Supplied records: Begin

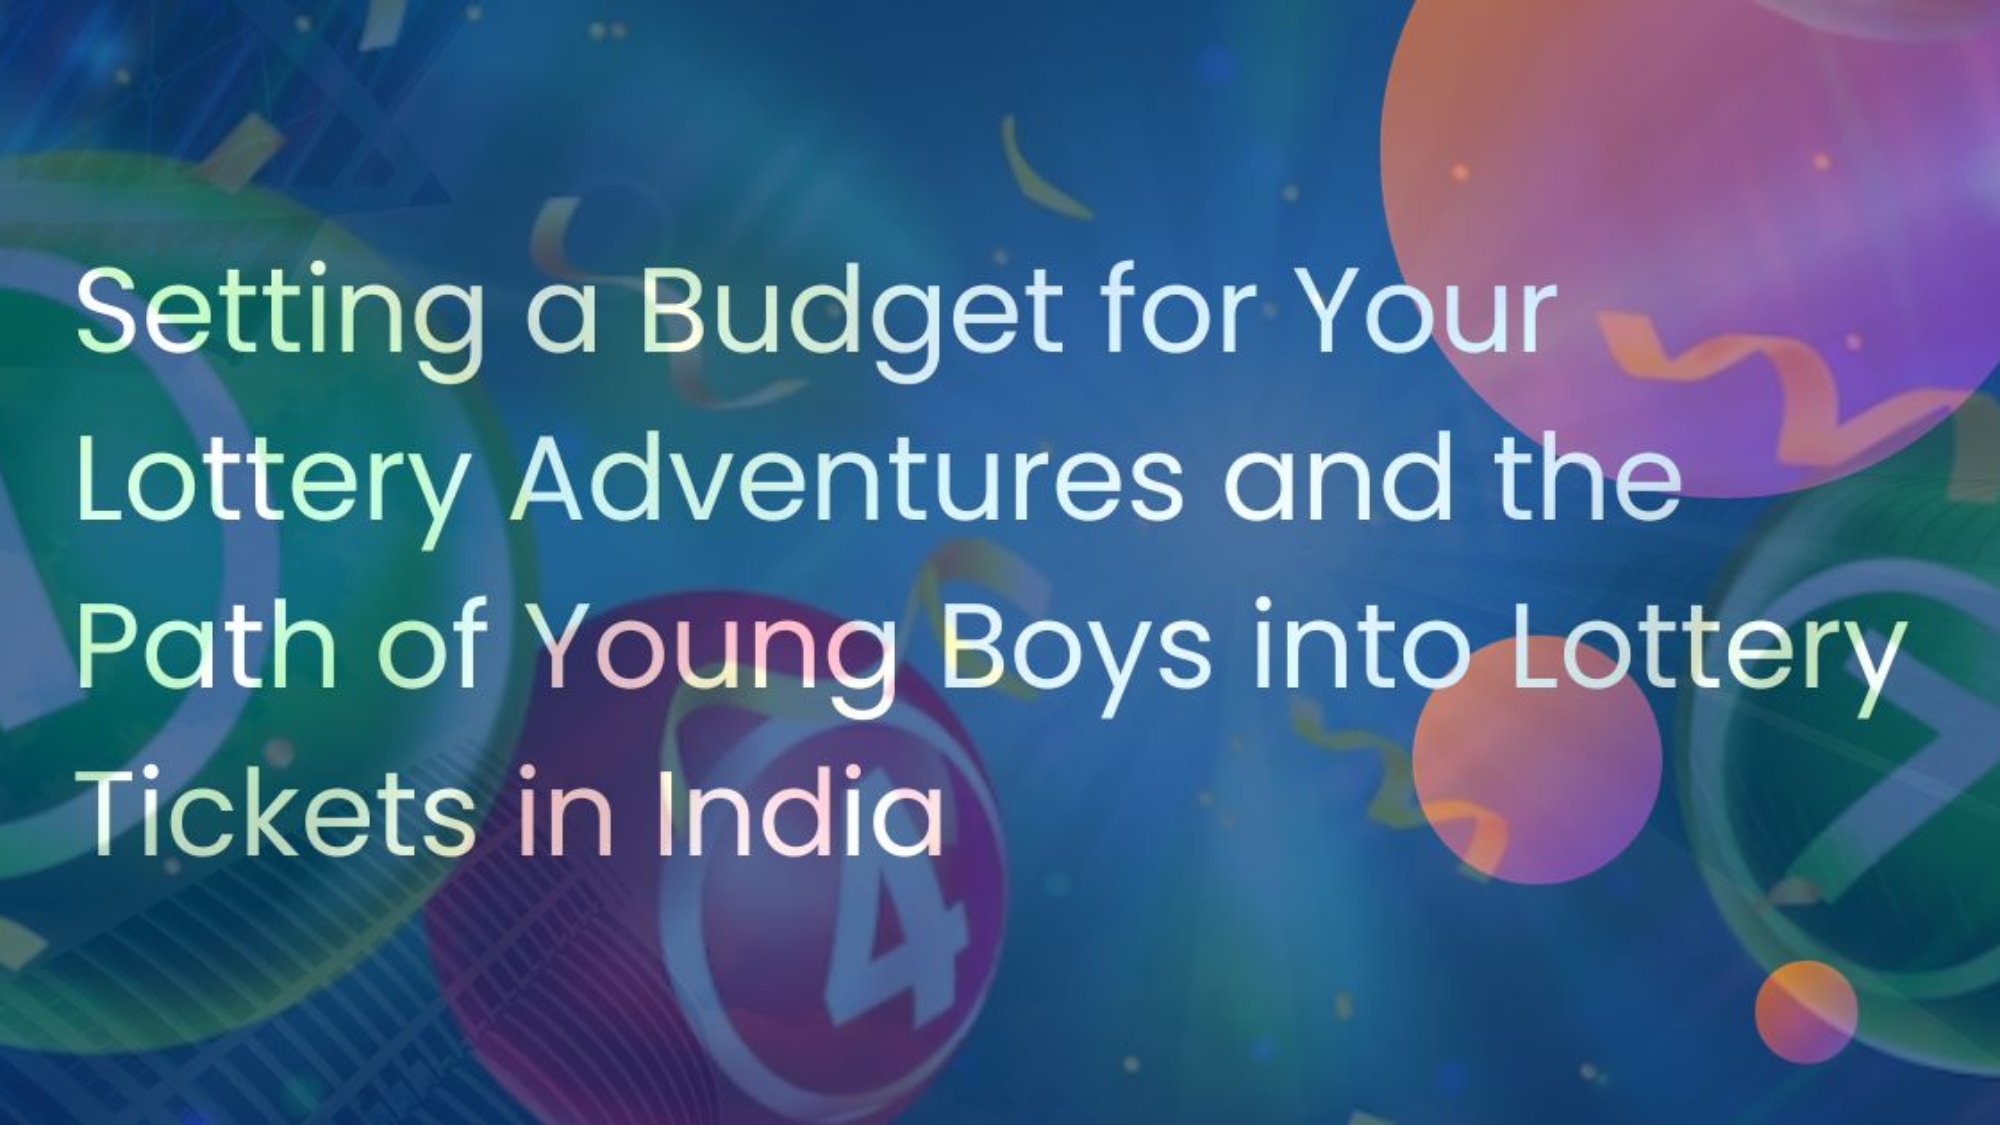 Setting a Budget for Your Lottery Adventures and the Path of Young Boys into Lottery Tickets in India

Supplied records: End
Supplied records: Begin

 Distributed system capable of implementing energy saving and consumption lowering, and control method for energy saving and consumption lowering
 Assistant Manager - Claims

Supplied records: End
Supplied records: Begin

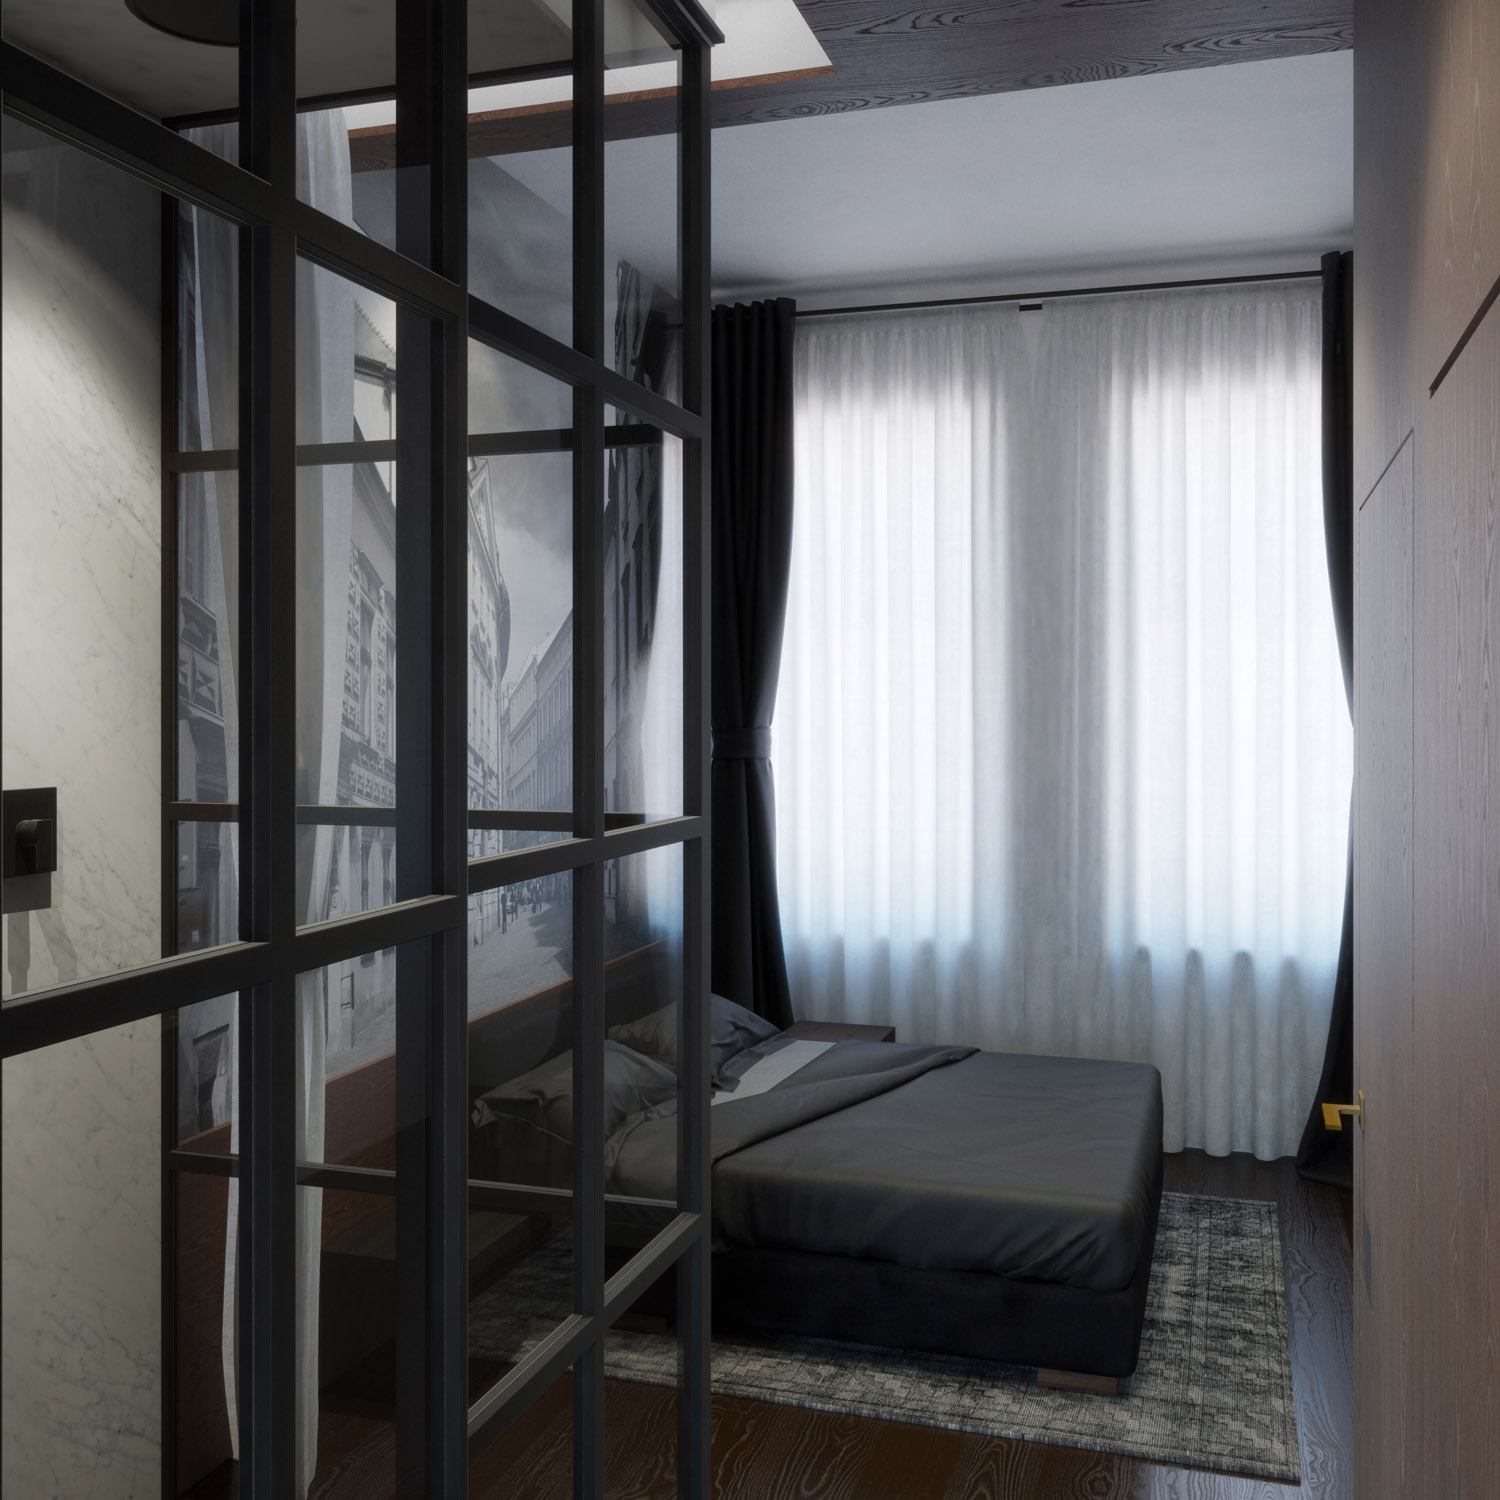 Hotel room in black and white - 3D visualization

Supplied records: End

=== What is needed ===
In the listing above, find the line with "Distributed system capable" and the line with "Assistant Manager - Claims", then reproduce both and every line between them exactly.

=== Reply to the task ===
 Distributed system capable of implementing energy saving and consumption lowering, and control method for energy saving and consumption lowering
 Assistant Manager - Claims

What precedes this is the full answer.